The plan to relocate St. Louis Public Schools students was changed from the original plan that was shared with the public on June 9, after the American Federation of Teachers Local 420, school administrators and staff unions insisted they be brought into the conversation around the temporary school consolidation plan.
Sumner and Fresh Start students were originally supposed to be relocated to Clyde C. Miller and Yeatman students to Gateway Middle School.
Stevens was closed in 2016 but was used temporarily in 2024 for students enrolled in the Nahed Chapman New American Academy and more recently for professional development, according to district spokesperson Carl Mitchell.
The district is in the process of finalizing transportation plans for all students, but especially those who were set to attend the storm-damaged schools.
For example, Chief of Operations Square Watson said students who live within walking distance to Ashland Elementary will still walk to the school, meet with members of the district’s safety and security team and then will be shuttled to Jefferson.
Students who were displaced by the storm and are still currently living within city limits will have school bus transportation. However, students who have been displaced by the storm to outside the city, but are still enrolled in SLPS, will be transported by taxi using McKinney-Vento federal funding.
The district estimates that at least 2,000 students are currently displaced by the storm.

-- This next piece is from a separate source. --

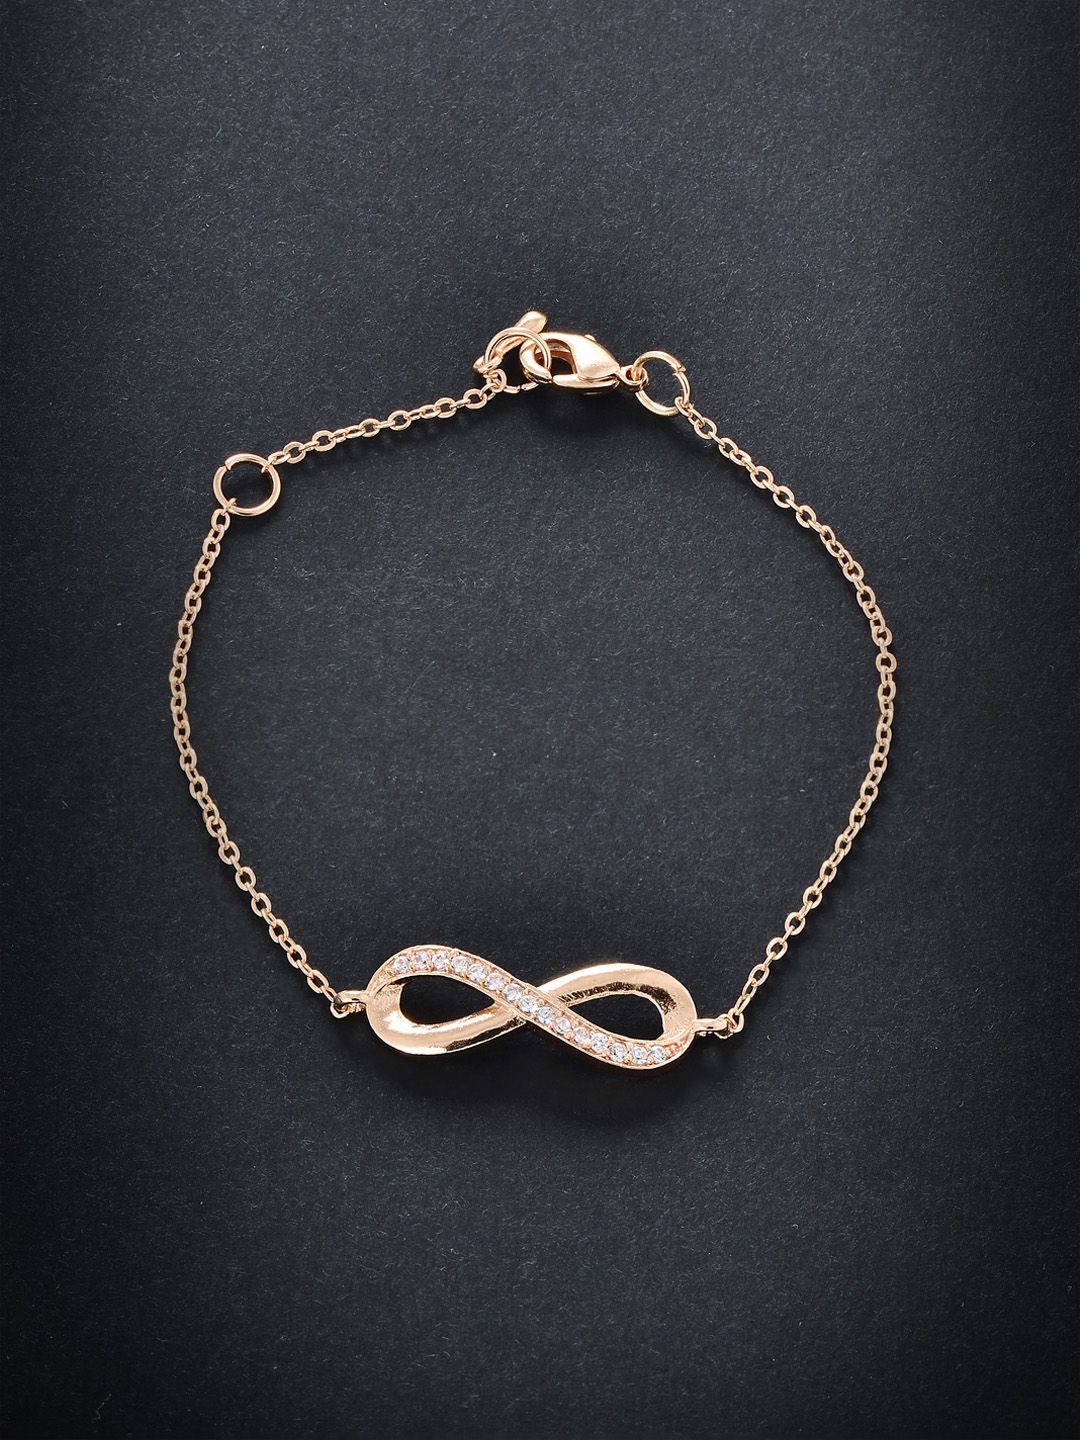 MINUTIAE Women Brass Crystals Handcrafted Rose Gold-Plated Infinity Link Bracelet Price in India

The decision to temporarily relocate students comes as the district is weighing which schools to close in the 2026-27 school year, due in part to declining enrollment.

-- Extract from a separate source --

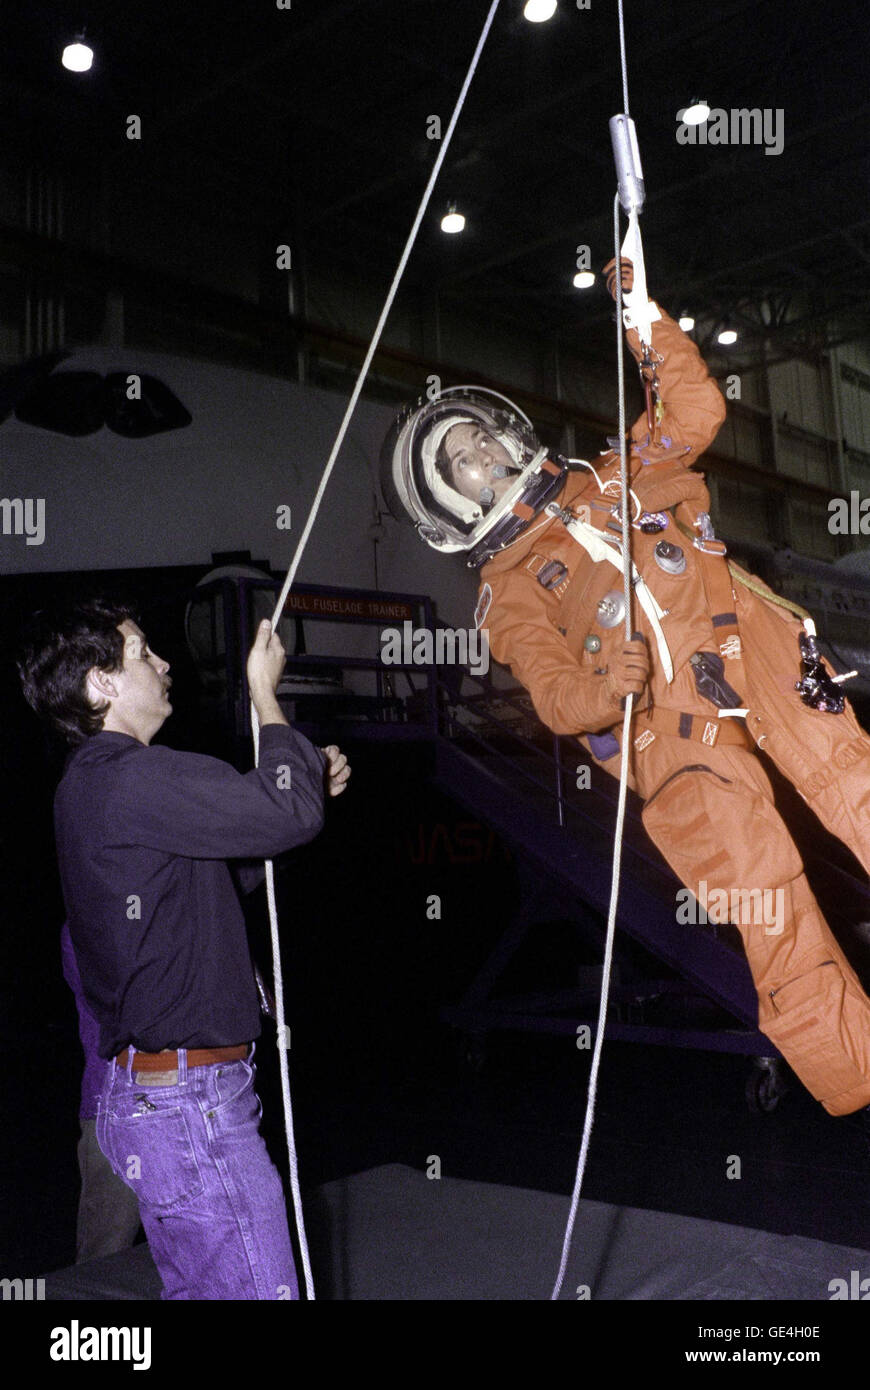 (December 1, 1992) Mission Specialist Ellen Ochoa, wearing a Launch and Entry Suit (LES) and Launch and Entry Helmet (LEH), simulates an emergency egress procedure at JSC's Mockup and Integration Laboratory (MAIL). Having exited the crew compartment trainer (CCT) a shuttle mockup, through an overhead aft flight deck window; Ochoa lowers herself to the ground using the sky-genie. Training instructor Kenneth D. Trujillo assumes the role of a crewmate assisting from a position on the ground. The sky-genie is carried on all Space Shuttle flights for emergency egress purposes.   Image # : S92-51716 Stock Photo

Many of the tornado-damaged schools are located in north city, which has raised concerns among some locals that the schools will be closed permanently.

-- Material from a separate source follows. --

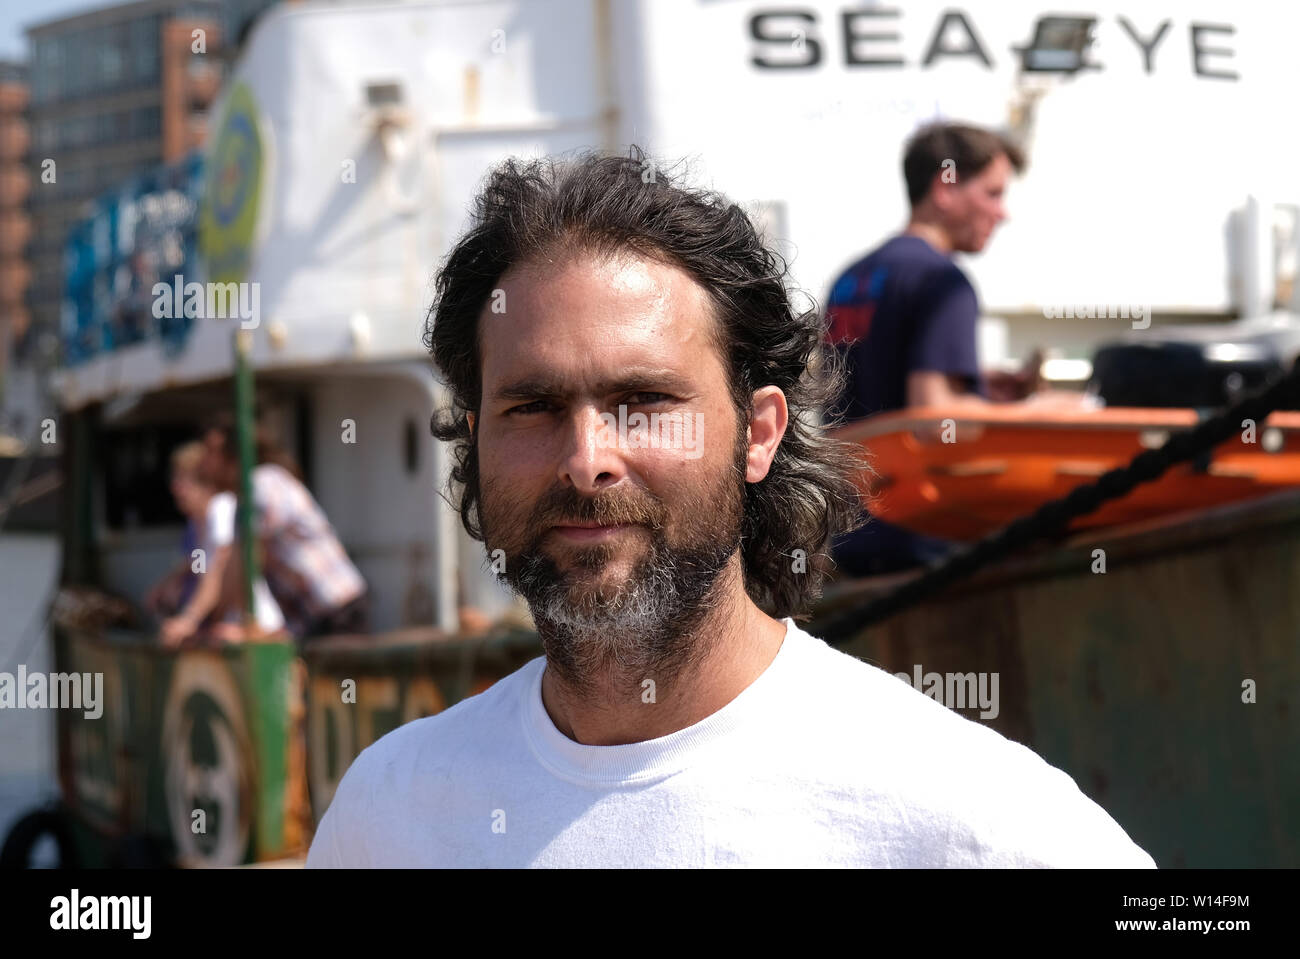 30 June 2019, Hamburg: Michael Buschheuer, founder of the organization Sea-Eye, stands in front of the rescue ship 'Sea-Eye' in the harbour. The Regensburg aid organization Sea-Eye wants to bring its decommissioned rescue ship of the same name to the museum in Hamburg. Photo: Daniel Bockwoldt/dpa Stock Photo

Superintendent Millicent Borishade has said she does not yet have a final list of schools the district will permanently close.
Pushback to the original plan
Last week, Local 420 released a joint statement along with various school staff unions demanding that the district bring staff into conversations around what the district said is a temporary school consolidation plan.
Ray Cummings, president of Local 420, said he had safety concerns about some high school students being combined into one school due to possible neighborhood rivalries.
Teachers and school staff are often tasked with breaking up fights or handling classroom disruptions, which takes away from instruction time, he said.
“We’re in a more violent place in St. Louis. We want to err on the side of caution. We don’t mix these groups with different neighborhoods,” he said during an interview on Friday.
During a meeting on July 8, the school board failed to ratify a plan to relocate all students from storm-damaged buildings.
President Karen Collins-Adams asked the board to vote on an amended plan, which would have allowed the elementary students to be relocated, but that vote also failed.
Collins-Adams then asked district leadership to meet with the union by July 11 to figure out a plan to move forward with the temporary school consolidation plan.
Local 420 confirmed that the meetings took place and that they had reached a tentative agreement on Friday.
"The conversations were direct, but at every step, we reaffirmed our commitment to working together to provide our students, teachers, and administrators with the safest possible educational and work environment,” Cummings said in a statement released Monday. “We're committed to doing everything we can to ensure a smooth start to the new school year."
Rocky road to final approval
Board members acknowledged that the process to approve the district’s plan for temporarily relocating students and the associated costs was less than perfect.
Conover, who initially raised questions about the plan during the July 8 board meeting, called the process “chaotic at best.”
“We really need to improve how we're handling things here as a board in order to be able to successfully support this district,” Conover said.
“We have all failed, and now parents are five weeks away from school and they don't know where their children are going to be,” Vice President Emily Hubbard said. “ I would be really mad if this were my school, and I hope that we can all work better and…move forward for what's the best thing for children.”
Donna Jones, a longtime board member and north city resident who encouraged the board to take the unions’ concerns around student safety seriously, rebuffed Hubbard’s comments.
“I just wanted to say how proud I am of many of all our members for asking questions that needed to be asked, because there are people out here in the community that are asking these questions, and we don't always have to agree on everything, but we have one final goal, and that's to make sure that our students are safe and sound,” Jones said.
Collins-Adams said the board will strive to do better.
“This was a long process,” Collins-Adams said. “We had a lot of stumblings that we all did, and then we need to be able to get it right for the students. I think we all appreciate that we finally arrived at this point to be able to make a final decision so that we can actually begin the [2025-26] school year.”